Google Gets Into The Cloud Game

Everyone knows Amazon Web Services (AWS) rules the land of cloud hosting. With big-name sites relying on AWS such as Dropbox, Netflix, and Reddit, the revenue generated is steadily increasing, and expected to grow to a hefty $8.8 billion this year alone. Microsoft has stepped up to compete against Amazon for a piece of the cloud pie, and now another company wants a piece too: Google.

For the past five years, Google has been hard at work allowing developers to play in its data center infrastructure in order to better compete with Amazon. First, their App Engine offered a PaaS solution for hosting web apps. Then, along came Compute Engine, competing with Amazon's Elastic Computer Cloud (EC2).

Now, Google has announced a third Amazon competitor: Google Cloud Datastore, going up against Amazon's Dynamo DB database solution. They have also announced updates to both App Engine (adding PHP support) and Compute Engine (making it open-source so that any developer has access to it).

Google Gets Into The Cloud Game: App Engine Updates

App Engine is somewhat comparable to AWS, except for one thing: using AWS means you have to take care of administering your own servers while Google App Engine means Google does all the scaling and optimizing for you. Offering PHP support is a nice step, and App Engine now supports Java, Python, and Google's own Go language.

What does this PHP addition mean? You can now use App Engine to host your WordPress blog! This definitely makes Google more competitive in the cloud hosting world. If one of your blog posts goes viral, Google's auto-scaling will assure that spikes in traffic don't shut your site down. You can also bundle Google's Cloud SQL, their version of MySQL, with the service. PHP support access is being rolled out slowly over time, only available currently in limited preview.

Compute Engine Updates

When Google announced Compute Engine last year, limited access was granted to a very small group of developers. Now, anyone can give it a go! Also, the company has released “shared-core” instances of the Compute Engine virtual machine for those users considered small-volume (“small” with 1.7GB of memory and “micro” with 0.6GB).

These shared-core instances and any others can be attached to persistent storage, similar to EC2 instances, with a higher size limit than before: persistent storage up to 10TB, which is ten times more than EC2 offers. Prior to this, space was limited to 1.25TB.

Another change: Compute Engine's billing. Rather than hourly billing for instances, they will charge by the minute with a ten minute per instance minimum. This gives users the power to get things done faster, even big tasks, in less time for the same fee as if it were one single, long process.

Introducing Cloud Datastore

To compete with Amazon's Dynamo DB platform, Cloud Datastore was introduced. It can be connected via HTML interface to any app, and because multiple Google data centers keep copies, you can be sure your data is always available and doesn't disappear because of data loss due to an outage at any one of their facilities.

Cloud Datastore is based on BigTable, the company's storage back-end for many of their services, like Google Apps. Google's senior vice president of technical infrastructure, Urs Hölzle, said, “It currently serves 4.5 trillion transactions per month, and now it can be used anywhere as a service.”

 Is It Enough?

Will these changes be enough to compete against Amazon?

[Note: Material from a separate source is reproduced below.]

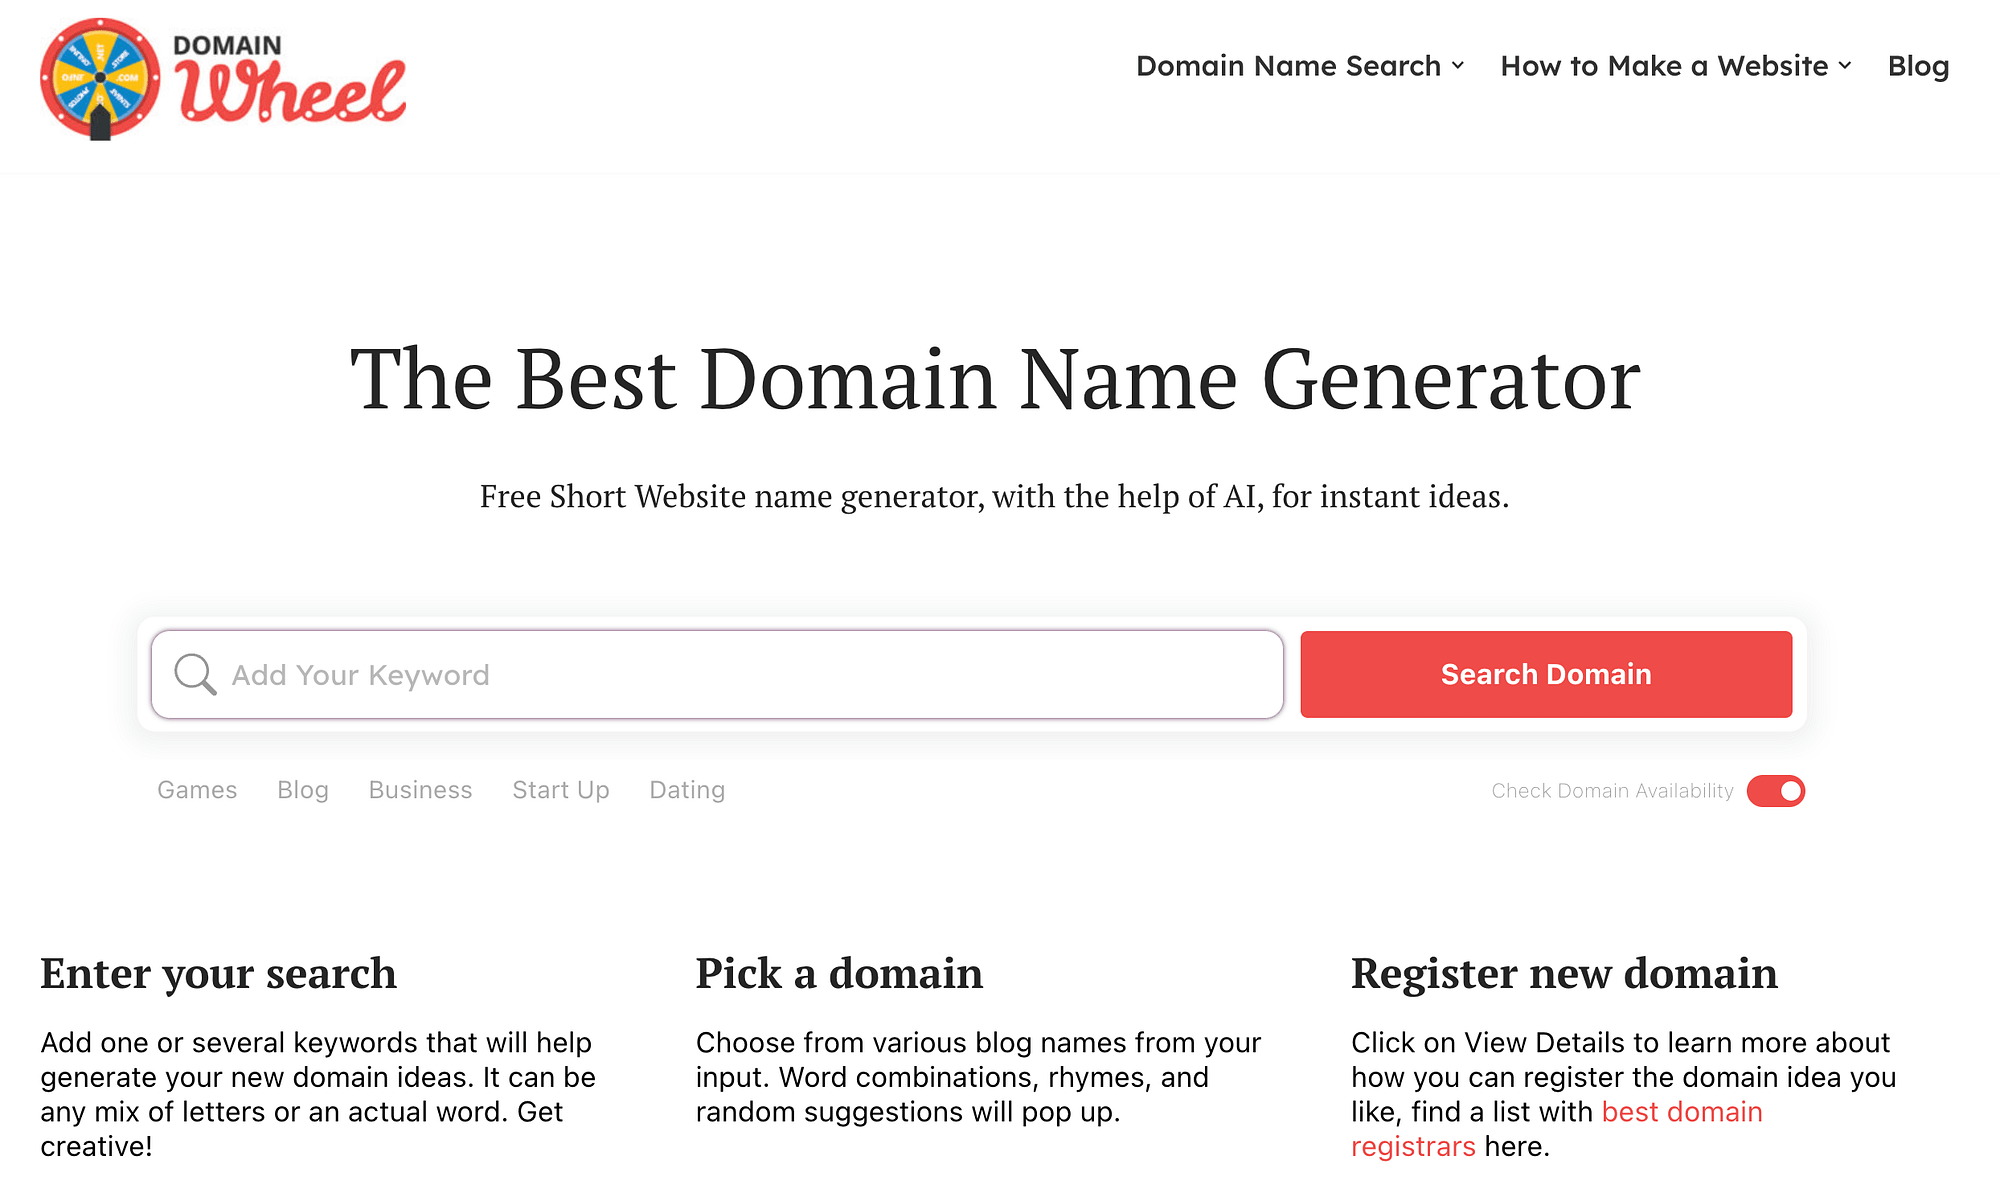 Domain Wheel domain name generator

It's hard to say. As it stands right now, the answer to that would likely be ‘no.' The changes are not all available to everyone across the board, offered to a select group. This isn't the way to fight against the big dog.

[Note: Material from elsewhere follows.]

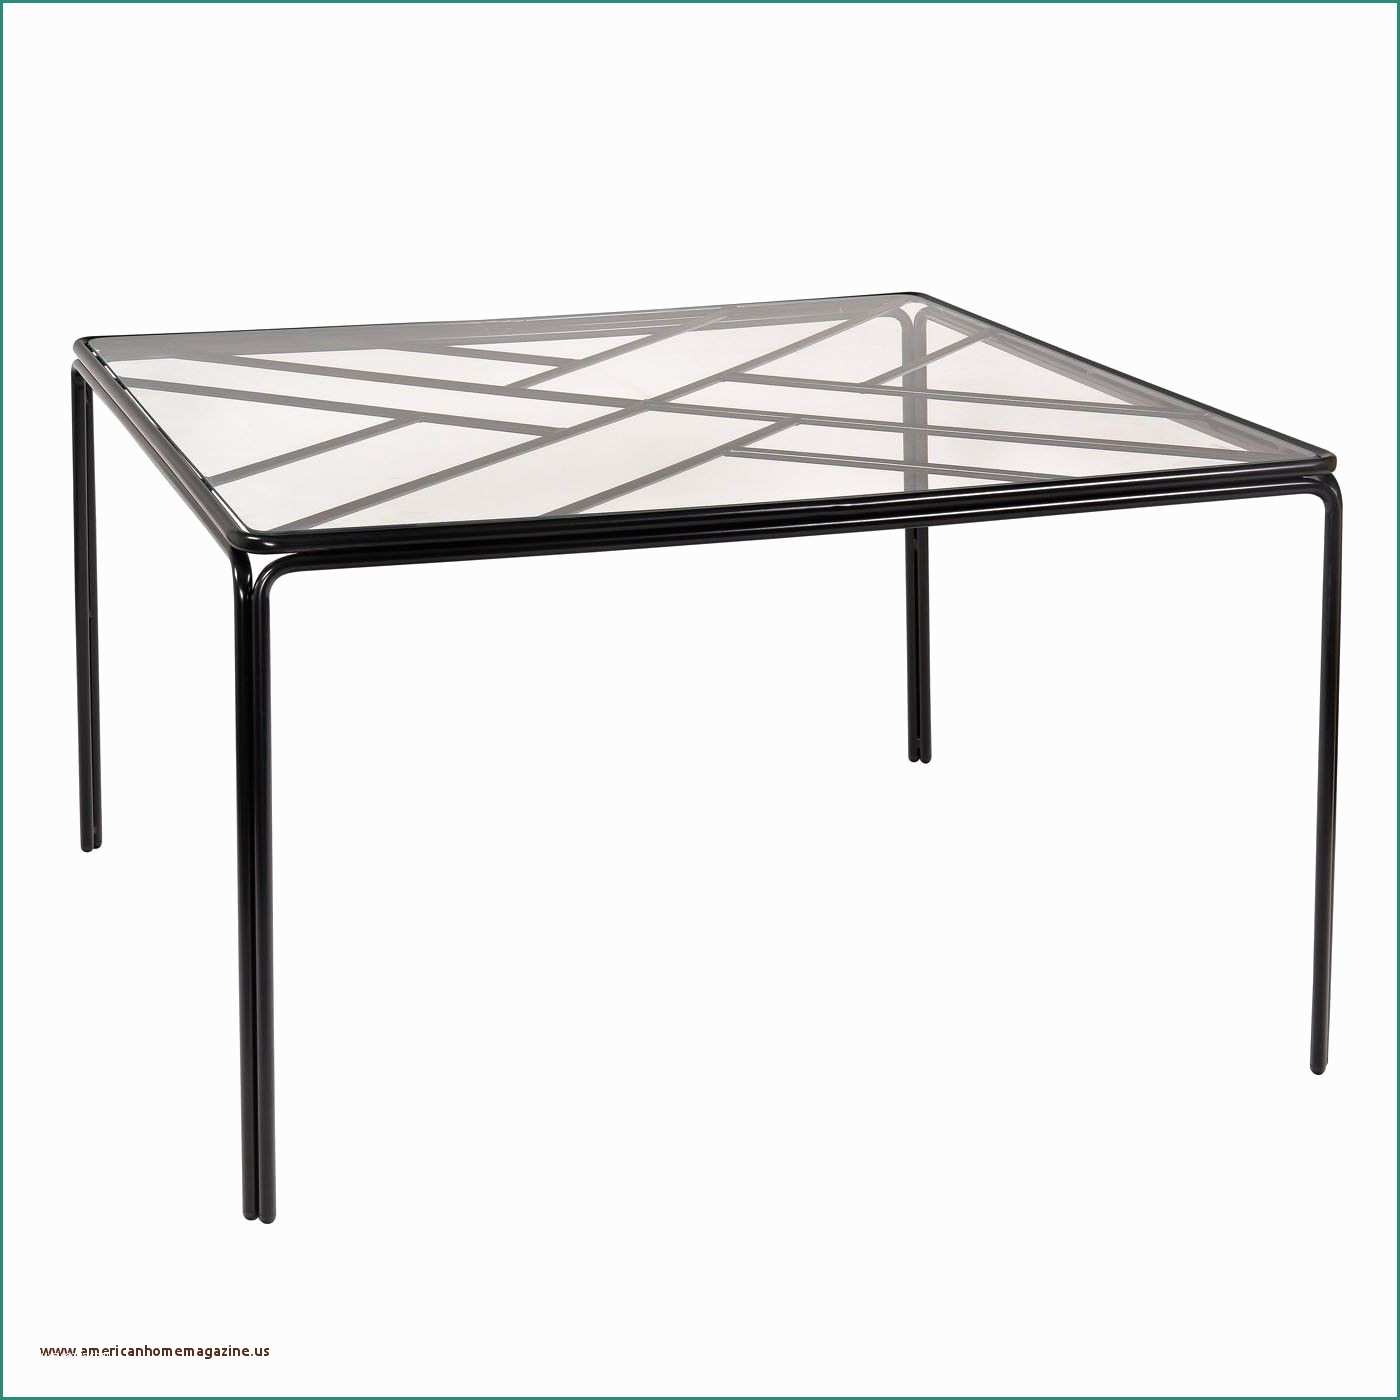 Gazebo Design Moderno E Download Wood Dining Table Design über Tisch 3m

Still, those developers who have access to the new services will probably tell their developer friends, building a fan base who will anxiously await their turn to test it out for themselves. And let's  not forget that Google is banking on Android developers to rely on their cloud services, complementing their Android developer tools. This will probably be the most likely scenario as more developers build Android apps first over iOS versions.

Are you anxious to take Google's cloud hosting platform for a spin?